_MATERIAL PROVIDED_:

-.-.-

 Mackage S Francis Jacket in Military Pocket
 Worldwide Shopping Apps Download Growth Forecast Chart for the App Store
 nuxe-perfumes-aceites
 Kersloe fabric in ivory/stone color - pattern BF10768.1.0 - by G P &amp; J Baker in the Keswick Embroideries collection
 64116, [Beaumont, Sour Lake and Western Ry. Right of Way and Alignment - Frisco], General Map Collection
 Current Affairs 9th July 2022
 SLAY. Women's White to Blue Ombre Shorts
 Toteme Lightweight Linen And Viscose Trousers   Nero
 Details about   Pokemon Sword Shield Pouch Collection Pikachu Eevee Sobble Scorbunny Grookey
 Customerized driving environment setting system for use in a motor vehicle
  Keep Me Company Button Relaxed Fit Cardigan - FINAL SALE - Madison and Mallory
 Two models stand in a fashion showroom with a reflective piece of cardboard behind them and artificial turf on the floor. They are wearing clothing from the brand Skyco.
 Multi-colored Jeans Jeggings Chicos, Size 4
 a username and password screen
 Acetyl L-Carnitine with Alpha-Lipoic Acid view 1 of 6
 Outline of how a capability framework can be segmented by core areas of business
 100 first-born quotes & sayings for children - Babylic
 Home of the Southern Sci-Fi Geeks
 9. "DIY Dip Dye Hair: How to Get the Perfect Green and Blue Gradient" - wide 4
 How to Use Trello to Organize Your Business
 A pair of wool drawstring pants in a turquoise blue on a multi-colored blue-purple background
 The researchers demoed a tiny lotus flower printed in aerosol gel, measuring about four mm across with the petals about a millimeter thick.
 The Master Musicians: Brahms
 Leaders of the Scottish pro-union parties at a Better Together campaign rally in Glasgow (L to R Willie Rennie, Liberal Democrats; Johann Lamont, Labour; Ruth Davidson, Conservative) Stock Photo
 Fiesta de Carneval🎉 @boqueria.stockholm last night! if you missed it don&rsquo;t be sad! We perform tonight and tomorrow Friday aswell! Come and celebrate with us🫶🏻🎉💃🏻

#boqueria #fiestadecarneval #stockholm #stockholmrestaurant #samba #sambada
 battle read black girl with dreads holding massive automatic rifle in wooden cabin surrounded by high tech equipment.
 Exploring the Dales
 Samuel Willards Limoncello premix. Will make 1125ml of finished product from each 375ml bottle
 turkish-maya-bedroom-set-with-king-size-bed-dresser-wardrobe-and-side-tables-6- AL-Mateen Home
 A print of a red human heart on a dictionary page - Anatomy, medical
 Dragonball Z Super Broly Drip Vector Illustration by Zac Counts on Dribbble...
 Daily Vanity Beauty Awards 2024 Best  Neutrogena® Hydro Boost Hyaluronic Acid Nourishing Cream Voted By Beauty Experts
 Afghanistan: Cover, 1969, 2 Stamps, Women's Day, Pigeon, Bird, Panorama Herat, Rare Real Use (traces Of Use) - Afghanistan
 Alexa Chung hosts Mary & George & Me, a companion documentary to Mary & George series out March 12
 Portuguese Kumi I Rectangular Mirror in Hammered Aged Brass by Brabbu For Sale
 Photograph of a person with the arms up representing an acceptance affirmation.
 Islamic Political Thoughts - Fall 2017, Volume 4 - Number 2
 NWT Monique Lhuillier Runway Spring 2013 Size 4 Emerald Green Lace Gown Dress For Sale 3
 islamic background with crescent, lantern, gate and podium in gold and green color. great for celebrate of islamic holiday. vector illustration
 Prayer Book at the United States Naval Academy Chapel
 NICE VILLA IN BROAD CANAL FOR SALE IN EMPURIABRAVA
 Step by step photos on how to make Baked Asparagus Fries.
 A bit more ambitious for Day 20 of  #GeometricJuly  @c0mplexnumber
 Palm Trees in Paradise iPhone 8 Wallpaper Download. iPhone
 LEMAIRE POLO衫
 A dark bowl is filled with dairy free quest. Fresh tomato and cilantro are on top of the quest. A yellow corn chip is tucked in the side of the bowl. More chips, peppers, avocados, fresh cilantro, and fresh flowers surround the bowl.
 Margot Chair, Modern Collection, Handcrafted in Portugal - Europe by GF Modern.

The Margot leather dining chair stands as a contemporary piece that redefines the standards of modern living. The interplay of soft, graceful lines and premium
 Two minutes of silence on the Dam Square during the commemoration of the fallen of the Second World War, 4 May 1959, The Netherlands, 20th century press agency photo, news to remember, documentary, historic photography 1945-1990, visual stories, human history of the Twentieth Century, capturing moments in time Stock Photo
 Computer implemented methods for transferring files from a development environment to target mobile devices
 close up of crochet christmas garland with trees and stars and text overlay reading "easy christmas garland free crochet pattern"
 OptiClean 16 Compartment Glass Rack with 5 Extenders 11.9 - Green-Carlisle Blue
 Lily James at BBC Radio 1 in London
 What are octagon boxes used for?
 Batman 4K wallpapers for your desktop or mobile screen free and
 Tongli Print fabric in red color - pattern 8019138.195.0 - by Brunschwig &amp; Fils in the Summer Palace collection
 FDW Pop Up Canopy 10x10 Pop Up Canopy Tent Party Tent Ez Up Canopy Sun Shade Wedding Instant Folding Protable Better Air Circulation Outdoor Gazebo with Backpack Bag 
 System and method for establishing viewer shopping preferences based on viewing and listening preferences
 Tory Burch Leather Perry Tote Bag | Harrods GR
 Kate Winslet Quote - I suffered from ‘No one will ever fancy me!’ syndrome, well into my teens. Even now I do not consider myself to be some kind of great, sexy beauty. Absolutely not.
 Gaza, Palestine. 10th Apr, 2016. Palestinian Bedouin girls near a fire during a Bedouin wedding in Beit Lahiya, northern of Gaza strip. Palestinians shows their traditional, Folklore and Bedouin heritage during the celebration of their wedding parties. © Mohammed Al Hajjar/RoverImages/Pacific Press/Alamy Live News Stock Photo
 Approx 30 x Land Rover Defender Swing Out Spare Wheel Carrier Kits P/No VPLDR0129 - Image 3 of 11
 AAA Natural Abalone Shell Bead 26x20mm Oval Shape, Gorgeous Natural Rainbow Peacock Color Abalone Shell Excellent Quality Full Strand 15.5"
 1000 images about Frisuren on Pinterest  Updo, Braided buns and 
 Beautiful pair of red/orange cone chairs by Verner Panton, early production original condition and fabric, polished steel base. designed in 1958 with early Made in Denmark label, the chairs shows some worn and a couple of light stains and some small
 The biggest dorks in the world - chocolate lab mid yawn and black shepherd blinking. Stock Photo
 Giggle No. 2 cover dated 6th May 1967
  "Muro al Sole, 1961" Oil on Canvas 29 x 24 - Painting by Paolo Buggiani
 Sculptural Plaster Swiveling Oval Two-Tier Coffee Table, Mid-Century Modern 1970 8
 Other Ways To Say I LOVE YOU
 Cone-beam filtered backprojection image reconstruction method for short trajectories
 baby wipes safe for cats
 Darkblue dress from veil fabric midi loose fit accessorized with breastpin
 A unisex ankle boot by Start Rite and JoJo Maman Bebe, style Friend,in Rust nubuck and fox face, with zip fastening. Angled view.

-.-.-

_WHAT IS EXPECTED_:
Note which lines carry the word "stockholm" in the material, then copy each of them.

_RESPONSE AREA_:
 Fiesta de Carneval🎉 @boqueria.stockholm last night! if you missed it don&rsquo;t be sad! We perform tonight and tomorrow Friday aswell! Come and celebrate with us🫶🏻🎉💃🏻
#boqueria #fiestadecarneval #stockholm #stockholmrestaurant #samba #sambada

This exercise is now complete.